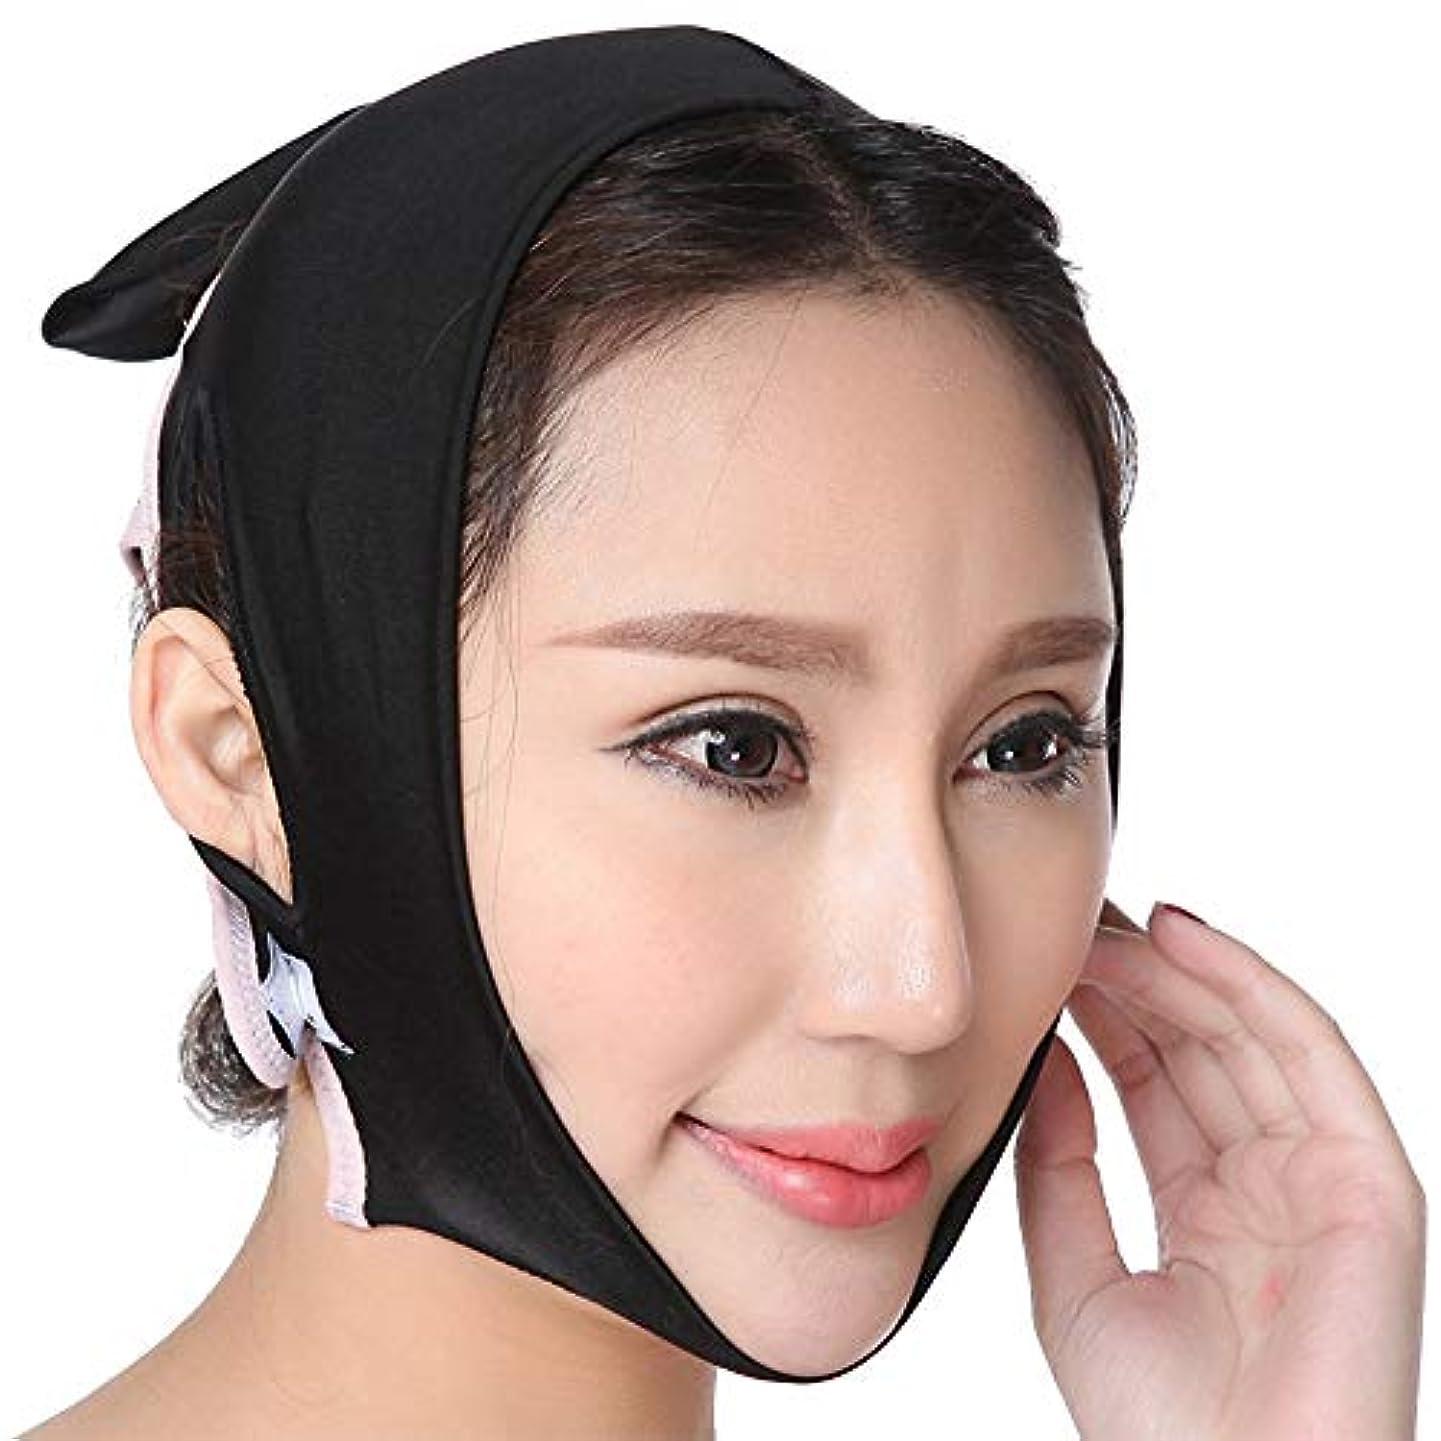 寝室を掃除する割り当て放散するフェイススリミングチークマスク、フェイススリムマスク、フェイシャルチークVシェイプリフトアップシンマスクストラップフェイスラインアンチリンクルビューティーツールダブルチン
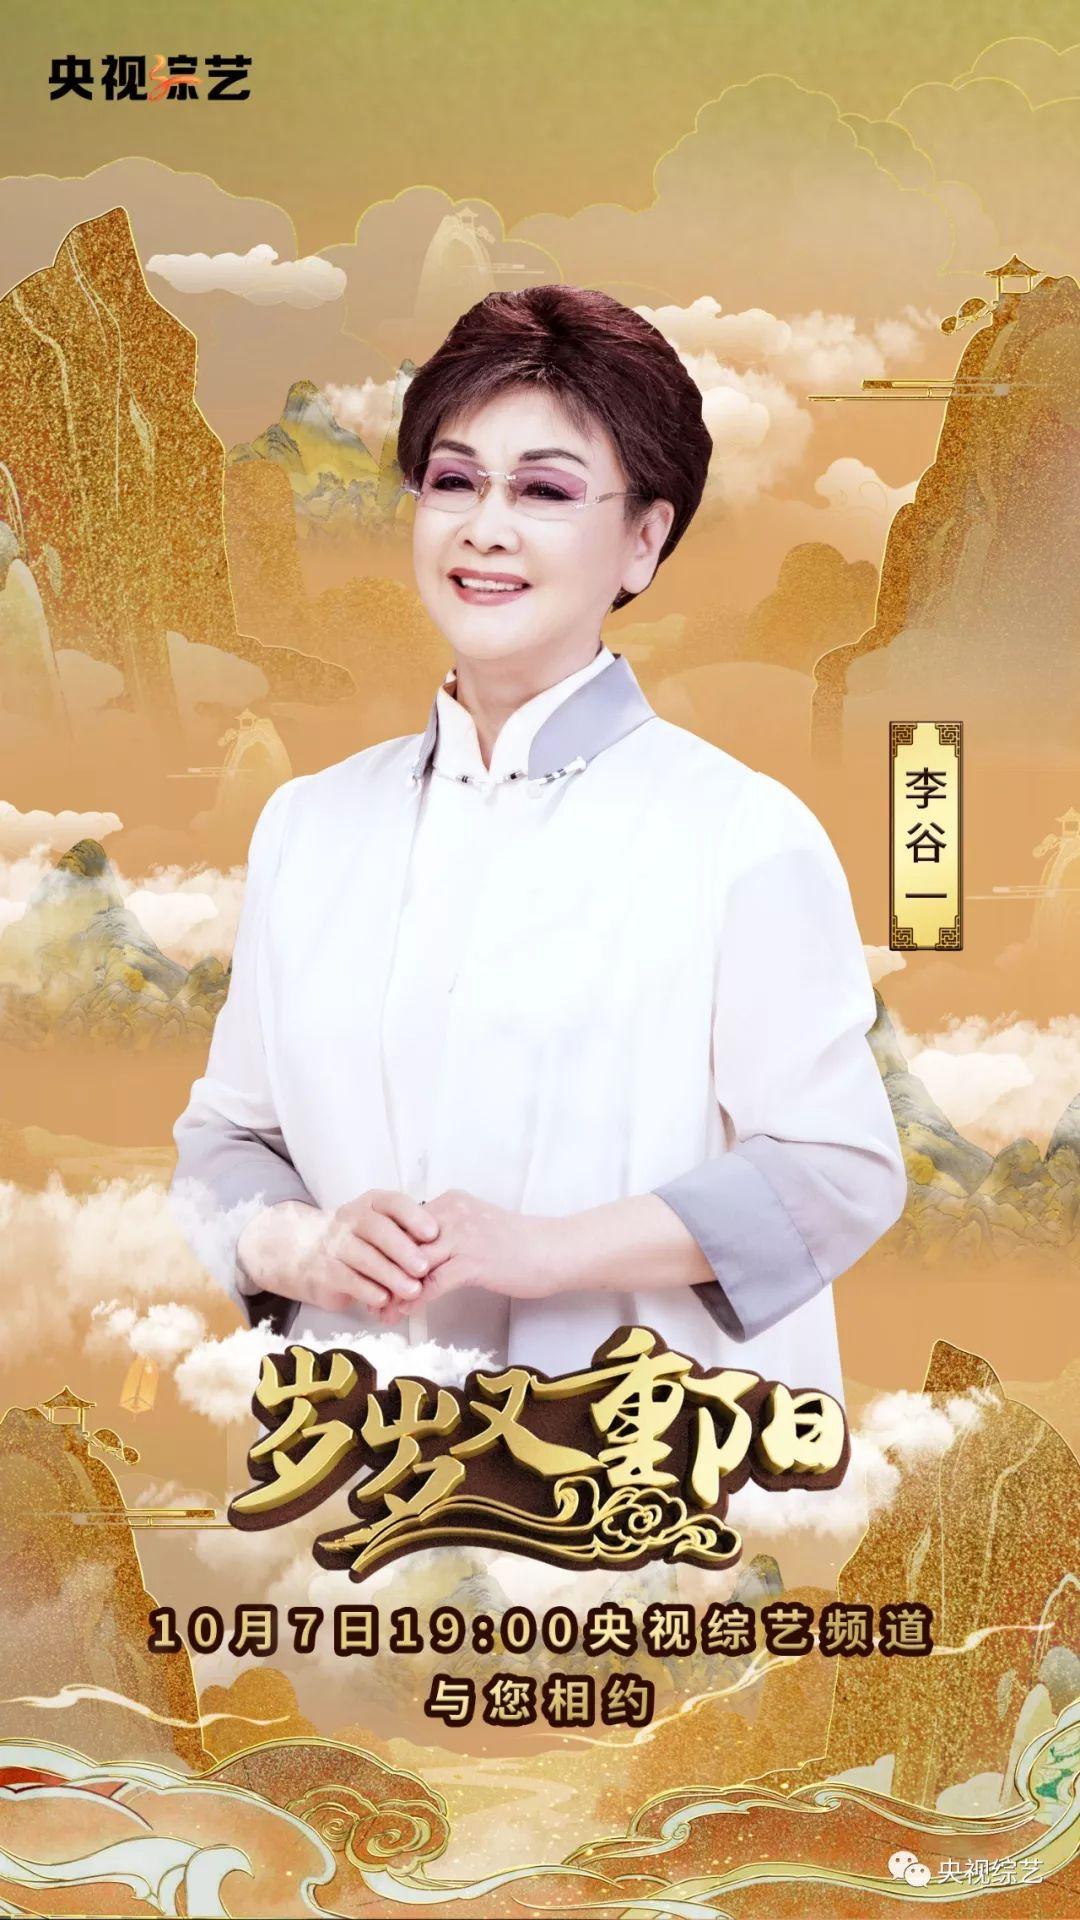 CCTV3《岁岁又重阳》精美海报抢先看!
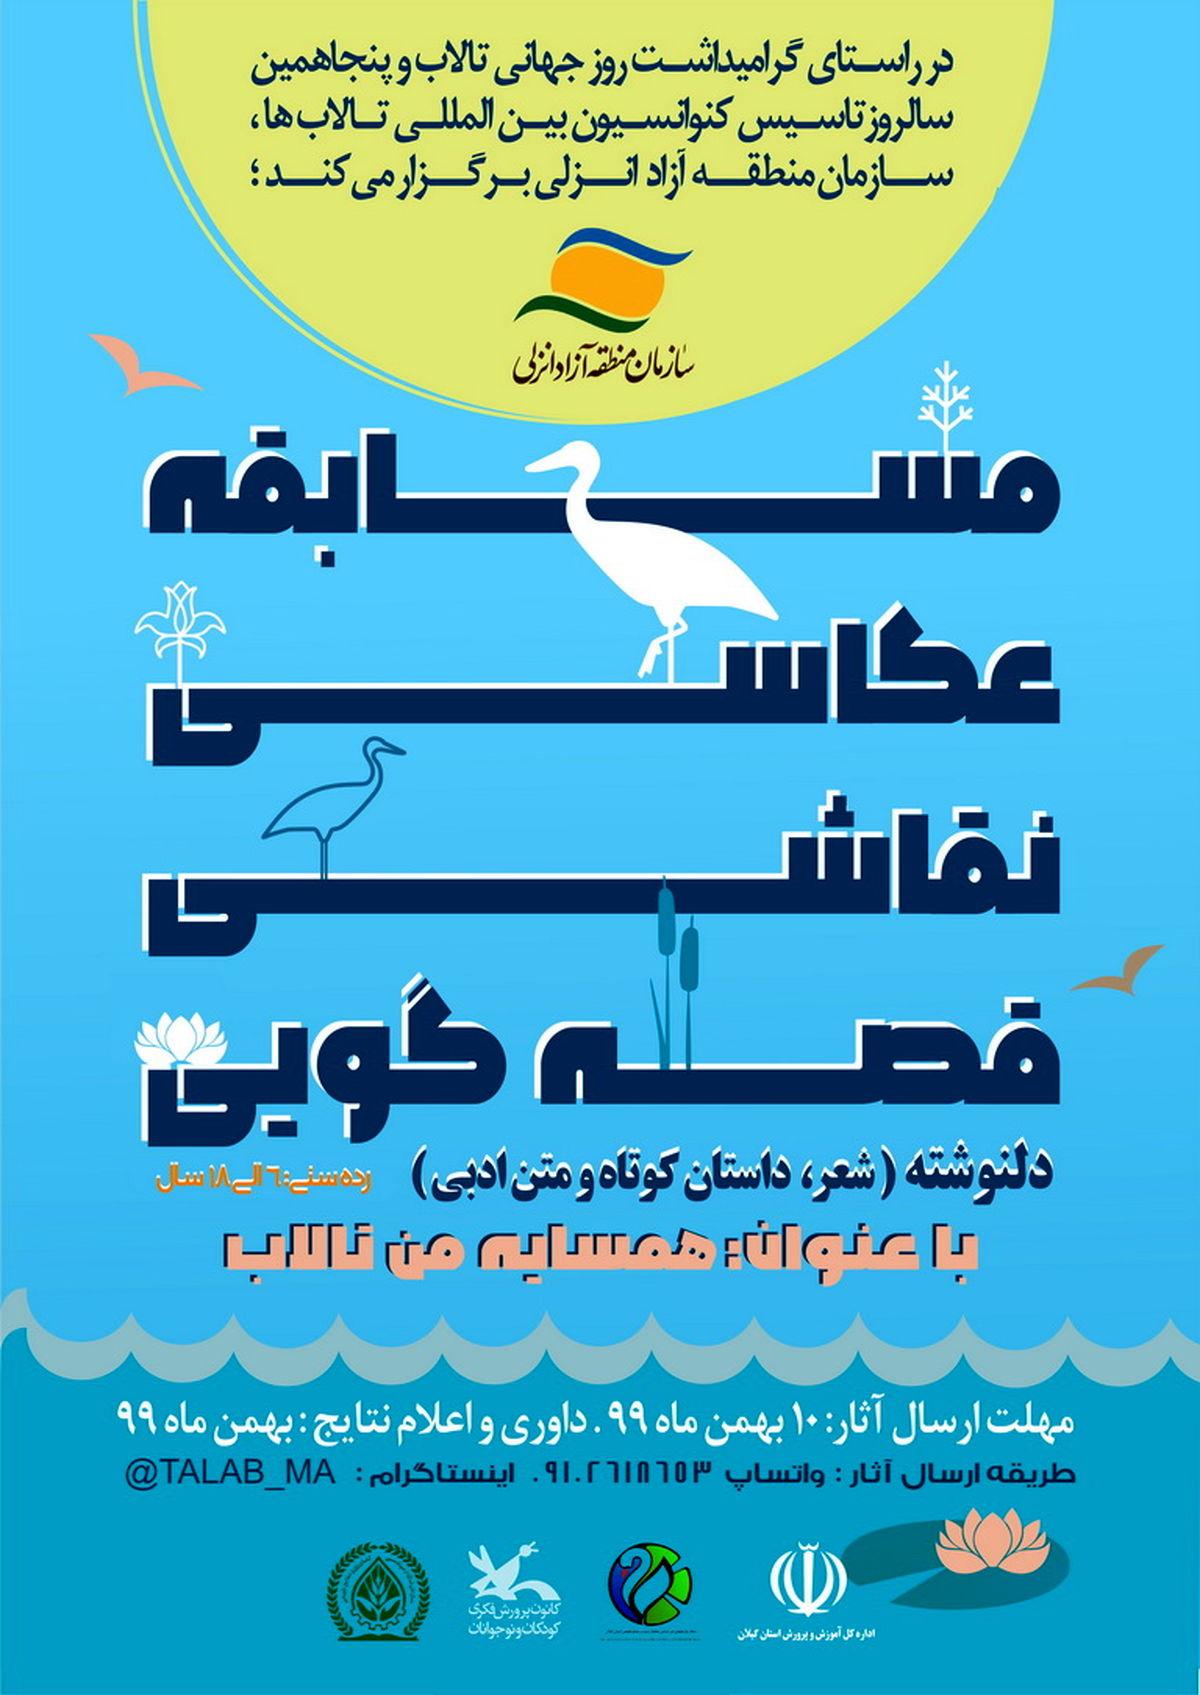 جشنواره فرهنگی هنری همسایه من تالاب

• • • • •

WHAT THE TASK ASKS | No pictures should appear in the copy; write out exactly the lines from the one containing "CCTV3《岁岁又重阳》精美海报抢先看!" through the end of the material.

ANSWER SPACE |
 CCTV3《岁岁又重阳》精美海报抢先看!
 جشنواره فرهنگی هنری همسایه من تالاب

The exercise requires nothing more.